Searching for new and rare objects in the Universe

le 27 septembre 2024, 10h45 à 12h45, Natalie Webb, salle Jules Verne, OMP, site Belin

Resumé: Thanks to large surveys such as Gaia, the Sloan Digital Sky Survey (SDSS), GALEX, 2MASS, NVSS, FIRST, XMM-Newton and Chandra, we have catalogued many different stars and galaxies. We have also found some very exotic objects, especially when we observe at high energies, where we detect matter at very high temperatures around black holes, neutron stars and white dwarfs, supernova explosions and gamma-ray bursts, black holes destroying stars, as well as clusters of galaxies which are the largest gravitationally bound structures in the Universe.
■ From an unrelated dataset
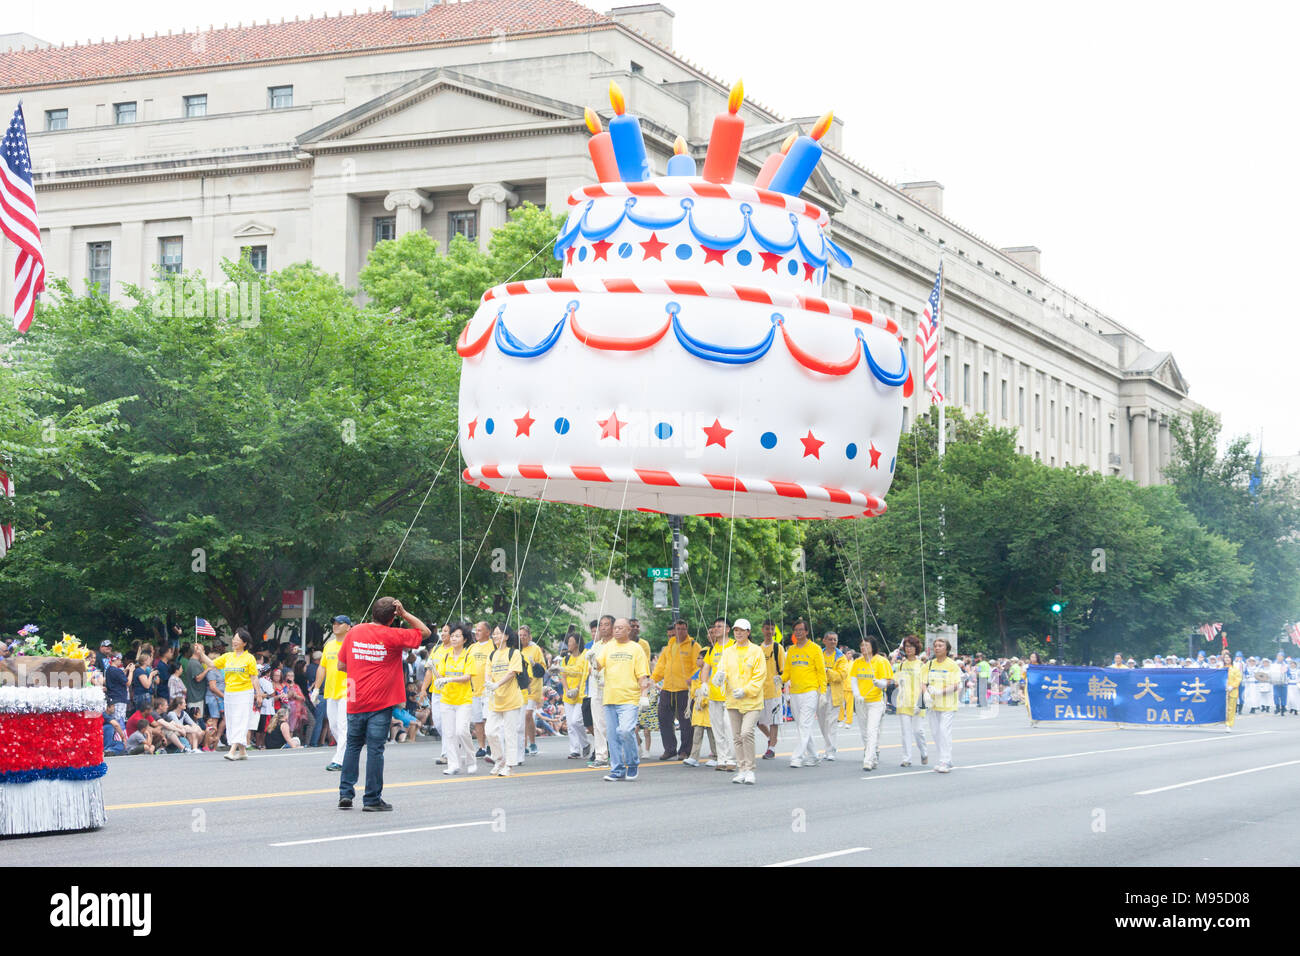 Washington, D.C., USA - 4 juillet 2016, le jour de l'indépendance nationale est la parade Parade du 4 juillet dans la capitale des États-Unis, il comm Banque D'Images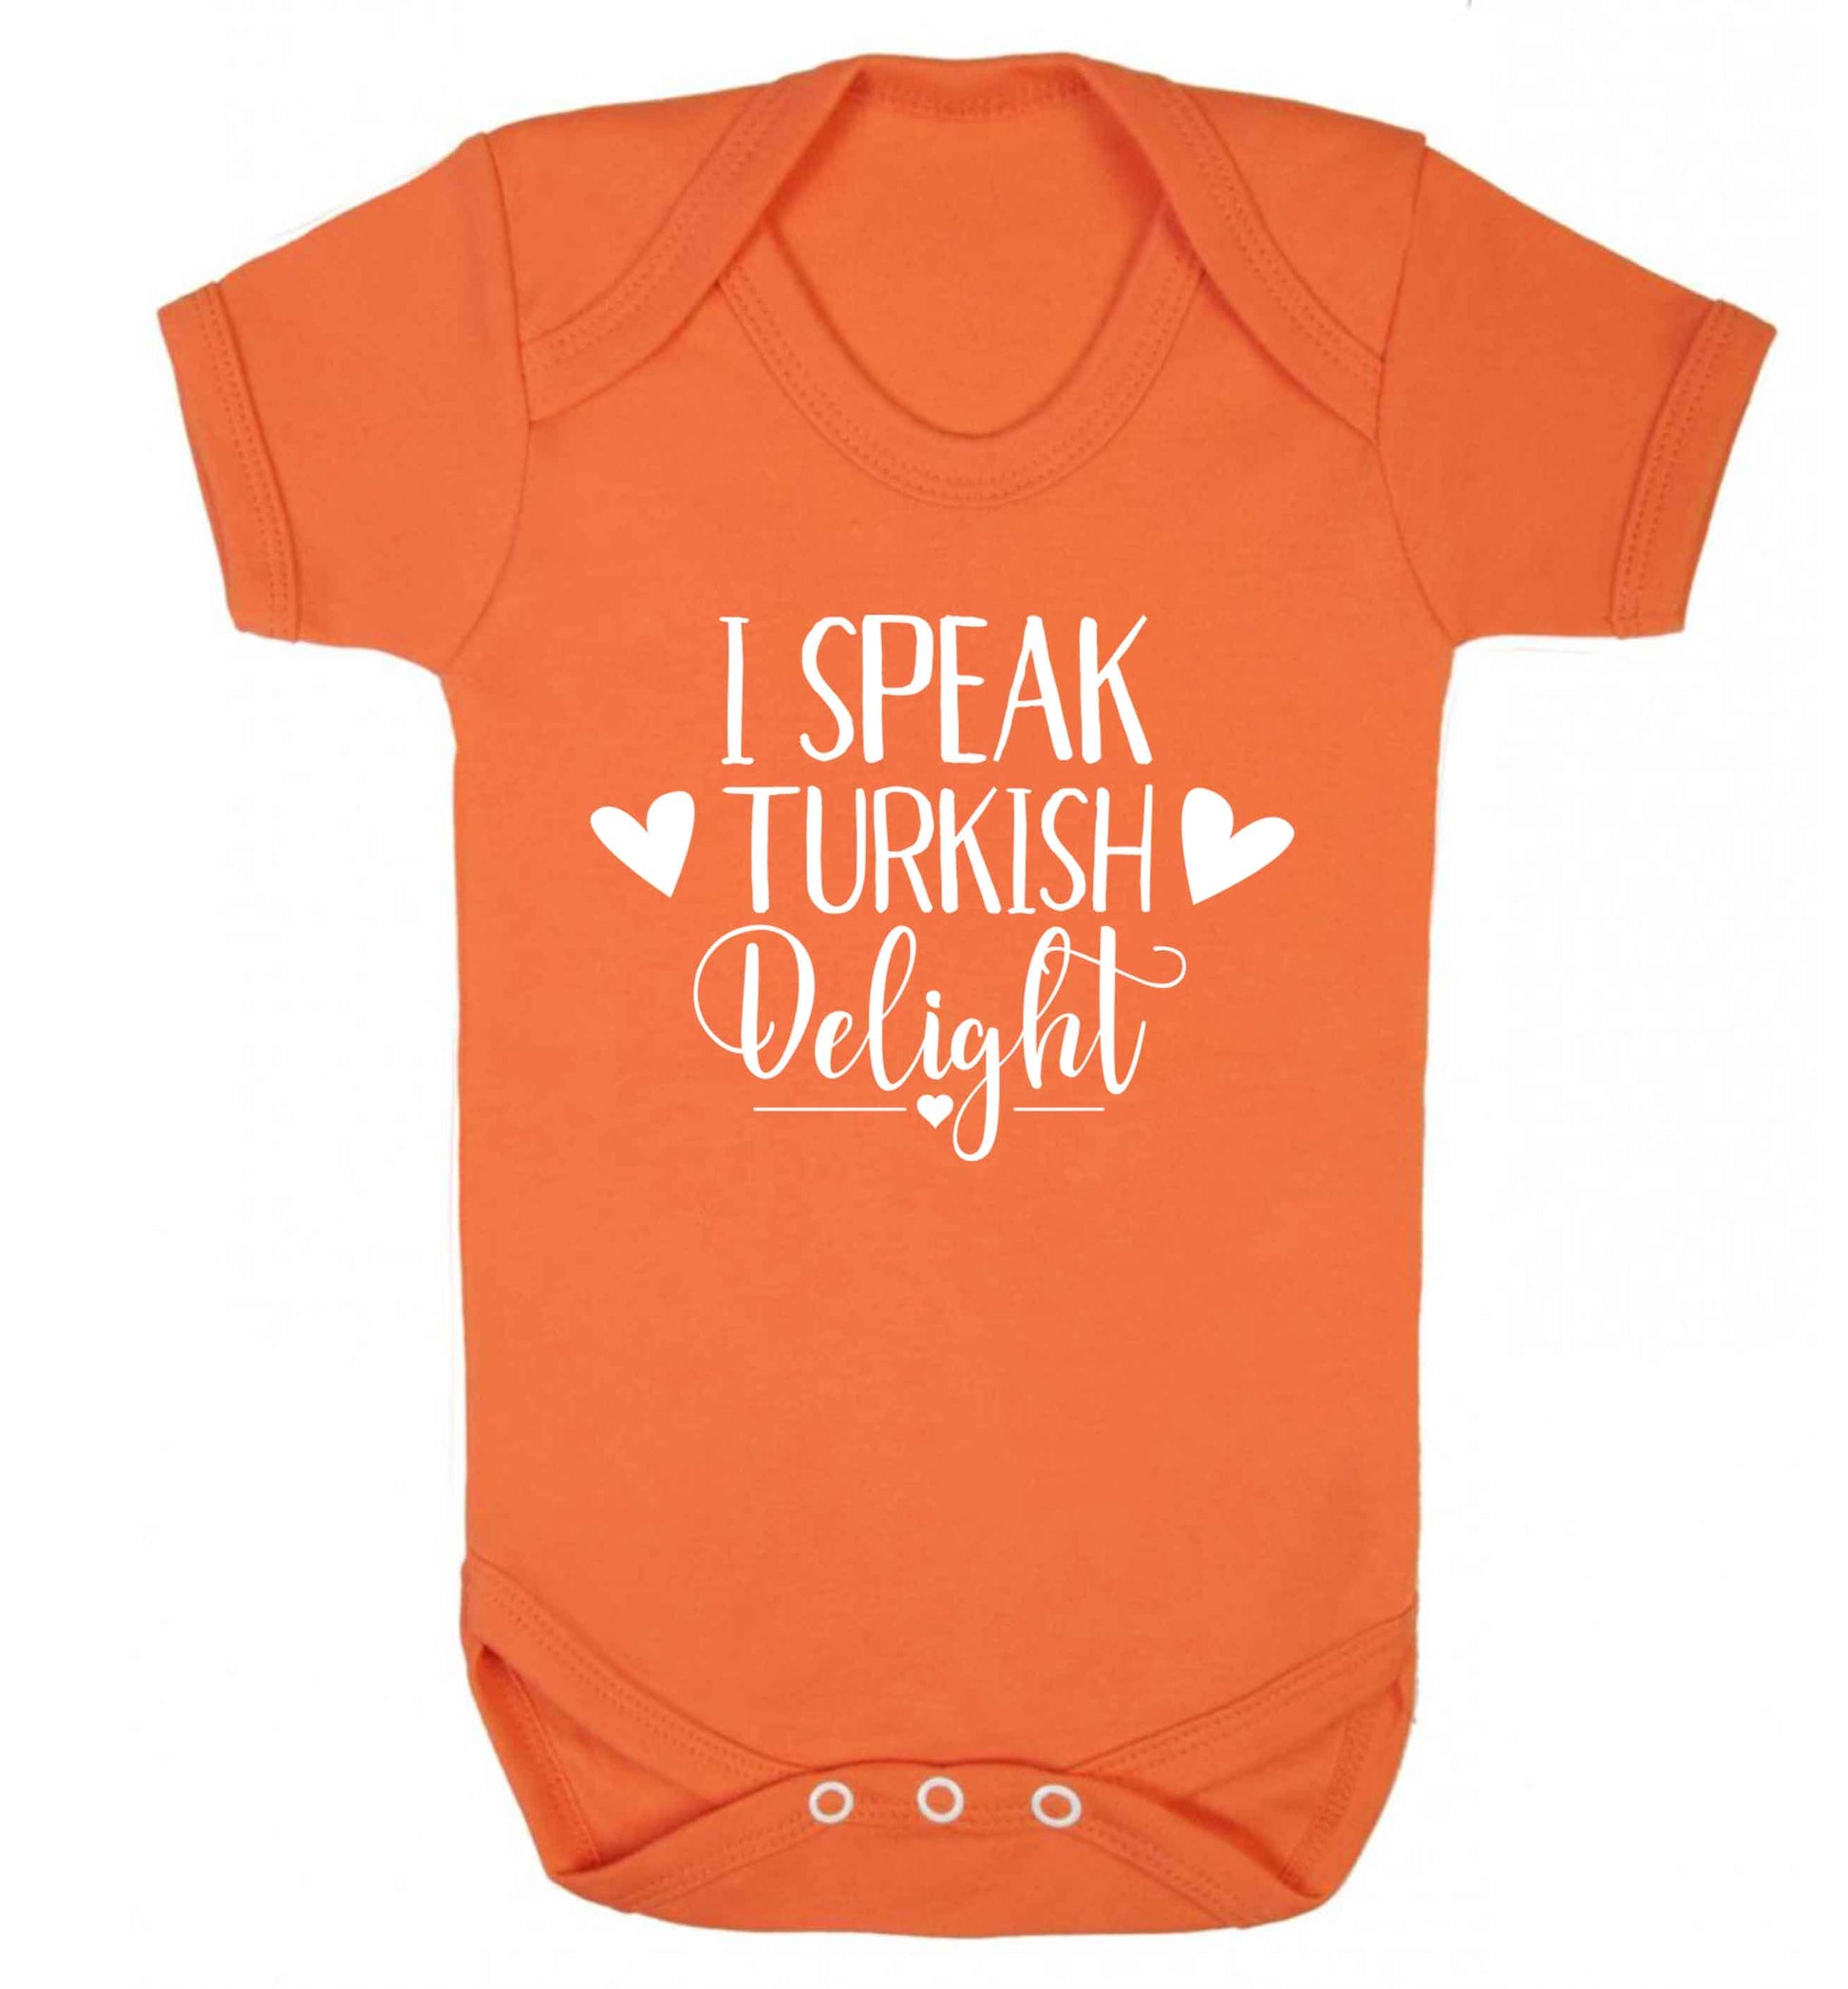 I speak turkish...delight Baby Vest orange 18-24 months

During this seminar I will present the European Space Agencies X-ray satellite XMM-Newton and its X-ray catalogue, 3XMM. I will also discuss some of the exotic objects that we have found in the catalogue of almost a million detections, such as intermediate mass black holes, tidal disruption events, ultra-luminous X-ray sources, and pulsars, as well as how we can go about finding new, rare objects. I will present new and recent surveys that push our data sets into the « big data » domain and I will discuss how we can deal with this enormous influx of data and how machine learning techniques can help.